Shiro gripped a long handle, lowering the thrusters to a growling idle.

“Wait here. Keep everybody inside.”

He unstrapped himself from the seat, grabbed the bag that was floating free behind his chair, and shoved his way back to the main shuttle hatch. I followed him, bouncing off people and animals in the hold, and shut the hatch behind him to keep everyone from floating away. I managed to haul myself back to the cockpit in time to see him attaching the explosives he’d brought from the Siitsi ship along the wall in front of our shuttle. There were only four little silver blocks, and he checked a small remote before returning to the hatch and locking it. He pulled himself into his seat beside me and belted in.

“Might want to shut your eyes.” Shiro’s hands were white-knuckled on the remote.

The ship rocked with the strength of the blast.

I opened my eyes to see a small, smoking hole in front of our shuttle’s nose. Through it streamed bright, white sunlight.

Sunlight, not black sky and stars. We didn’t make it out to space. We’re in the atmosphere. We’re falling.

“What’s our altitude?”

A grim smile from Shiro. “We’ll find out.”

The shuttle leaped forward as he gunned the thrusters.

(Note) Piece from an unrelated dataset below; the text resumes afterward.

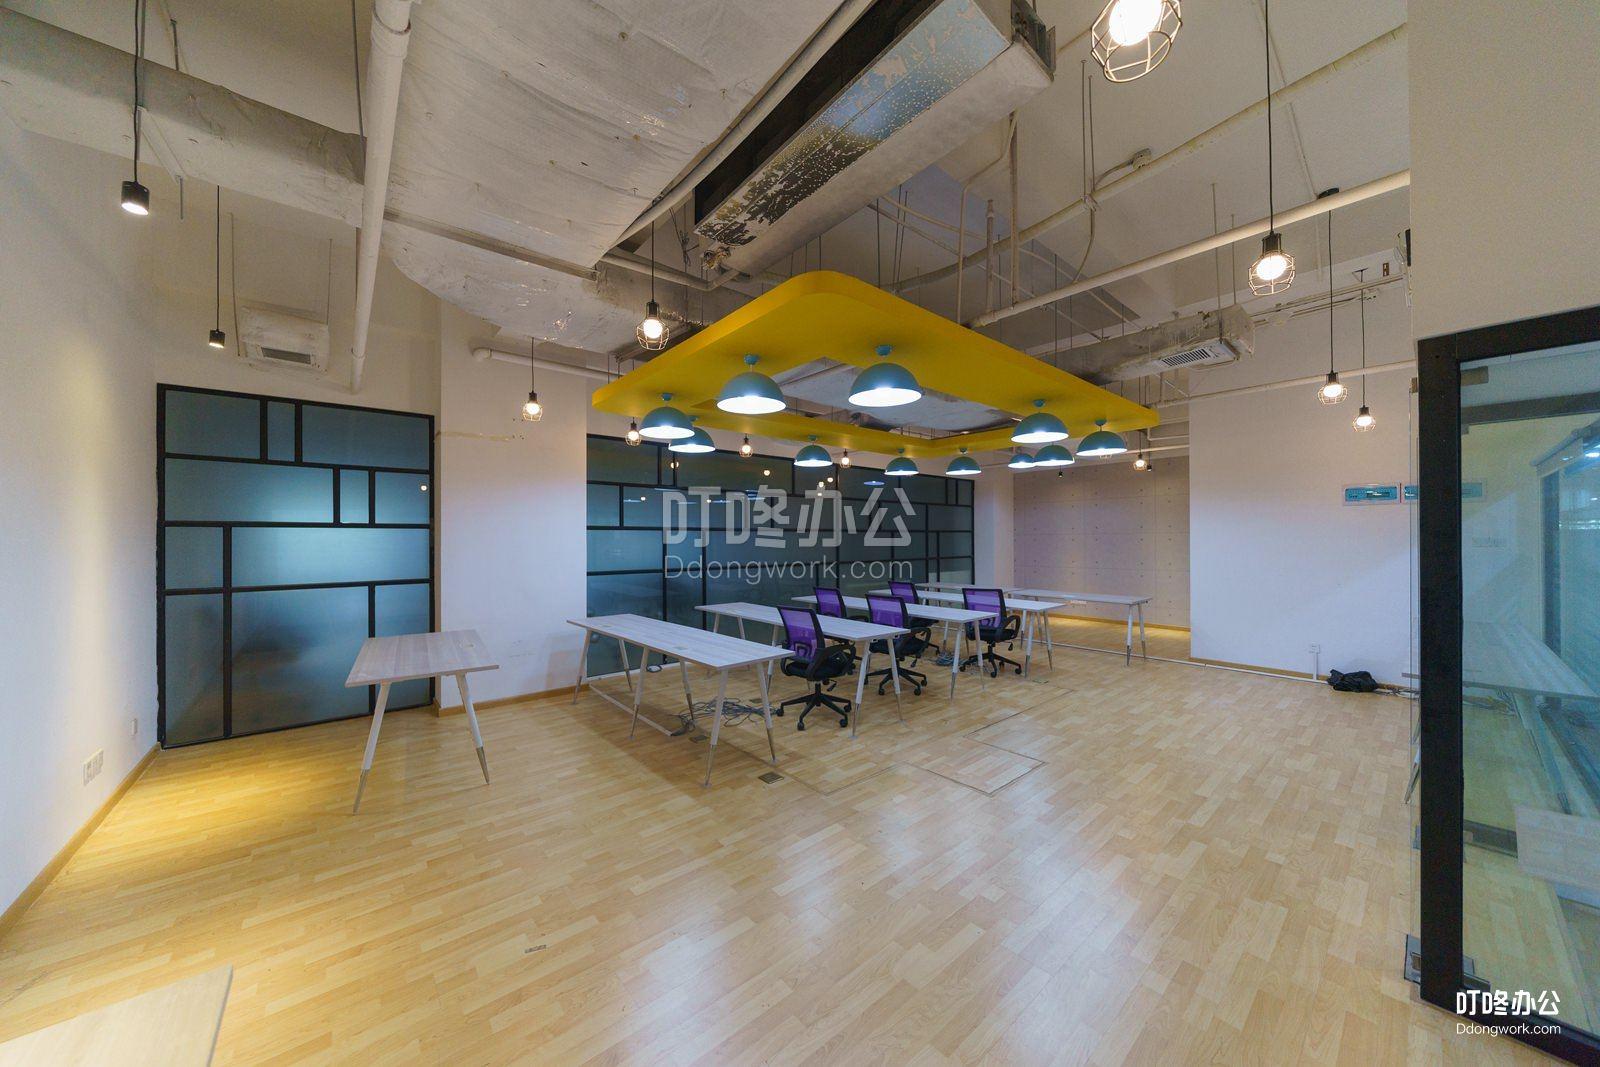 蓝马创业 · 蓝马智造园站会议室
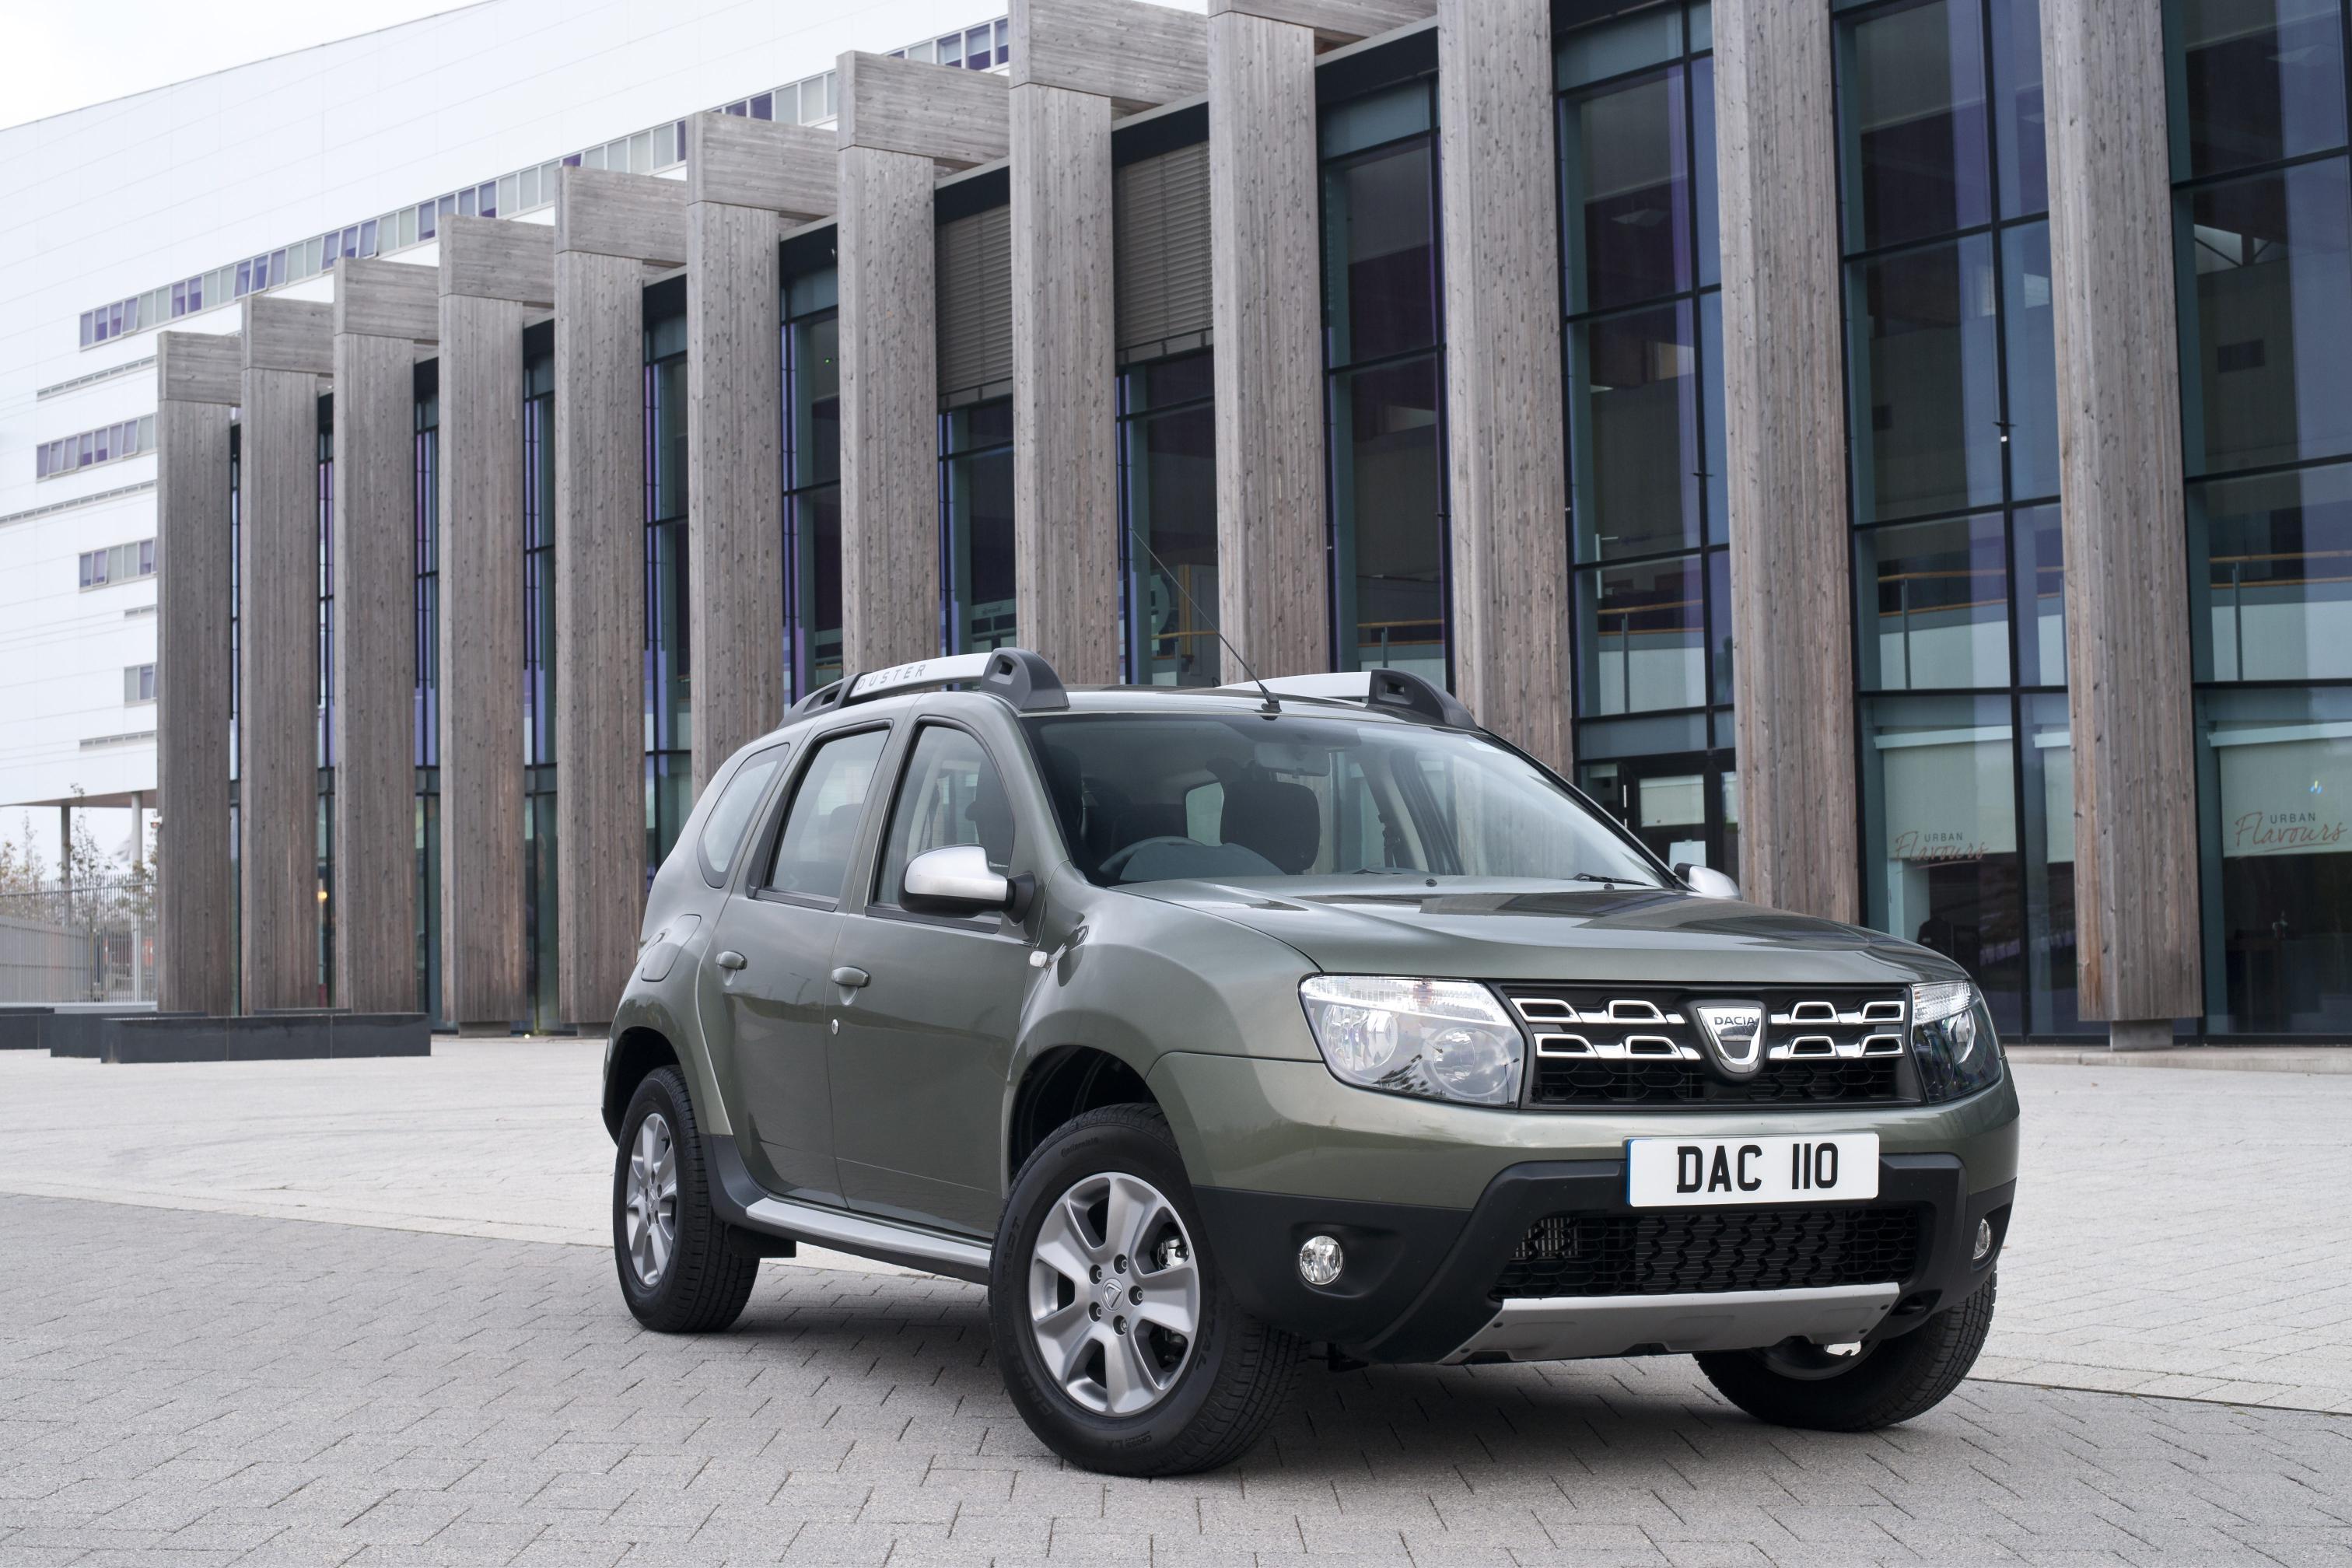 Dacia Duster 2015 : 2015 dacia duster facelift for uk market unveiled autoevolution ~ Medecine-chirurgie-esthetiques.com Avis de Voitures

It lurched toward the hole in the side of the ship, grinding its nose into the small hole, which already looked smaller than when the explosives opened it up seconds before. The brain of the Botanist ship was dead, but the side was still trying to close up around us, whatever cells in the walls that were still alive struggling to heal the hull as they’d been programmed to do.

“Punch it, Shiro!”

The hole peeled wider with the force of our thrusters grinding us through it. I could see out the windshield. Sky. And horrifyingly close below us, solid ice.

“Go! Go! Go!”

Thrusters screamed. With a great, sideways heave, our shuttle tore through the shuddering hull and soared free into the bright afternoon sunlight.

Jagged spears of ice thrust up right below us. “Too low! We’re too low!” I shouted.

Our little ship groaned as its belly sheared off the tops of the ice shards below us, scraping against the top of a frozen mountain. Shiro gunned it and we lurched into the sky. He pulled us around in a wide arc to see the enormous, shuddering white bean of the Botanist ship smash into the side of a giant glacier. It burst into a million pieces, sliding down the solid white cliffs.

A cheer erupted from the people pressed against the shuttle’s windows.

Shiro turned the shuttle away from the crash, and we descended through the clear blue sky toward a smooth lake of ice below.